Here’s what you should know about the “sunsetting” of 3G:
Q. Could I lose my ability to dial 911?
A. Yes. When the change comes, many older cell phones will be unable to make or receive calls and texts, including calls to 911, or use data services, according to the Federal Communications Commission. Many of the phones about to lose service belong to older people who don’t use them for browsing the Internet or watching video. Especially vulnerable may be those people who keep a phone (turned off to save battery) stashed somewhere at home or in their car’s glove compartment in case of emergency.
Q. How do I know if my phone model needs to be upgraded?
A. The surest way to find out is to contact your carrier by calling customer service, dropping into one of their stores, or checking their websites. (Here’s a list of affected models from AT&T, for example.) As a general rule, if your phone dates back to 2012 or earlier, your network is about to be eliminated. If you have an iPhone 6 or later model, you probably won’t be affected. The same is true if you have a Samsung Galaxy S4 Mini or later model, or a Pixel 2 or later Google model.

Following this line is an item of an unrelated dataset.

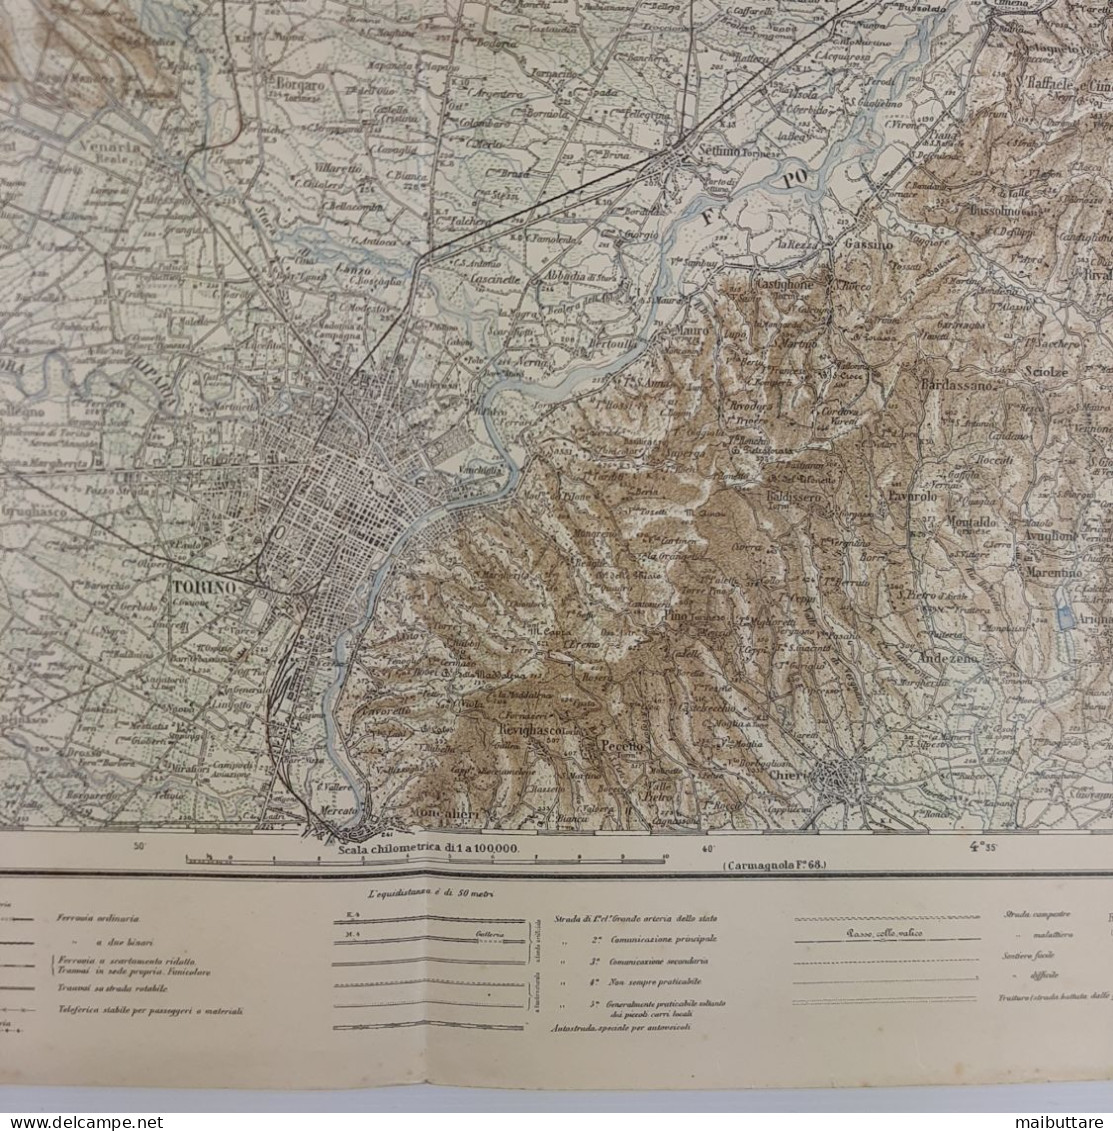 Carta Geografica, Cartina Mappa Militare Torino Piemonte F56 Della Carta D'Italia Scala 1:25.000 - Landkarten

But there are hundreds of phone models in use. Contact your carrier to be sure yours is still good.
Q. Is there an easy way to know for sure what network I am on?
A. Yes, check the upper right corner of your phone. The network you are on should be displayed there. Of course, it won’t display if you are using wi-fi at home, work, or other location. Once I disconnected from wi-fi, my iPhone, which is less than a year old, displayed “5G.” I won’t be affected by the 3G shutdown.
Q. Are there other safety implications to the impending 3G shutdown?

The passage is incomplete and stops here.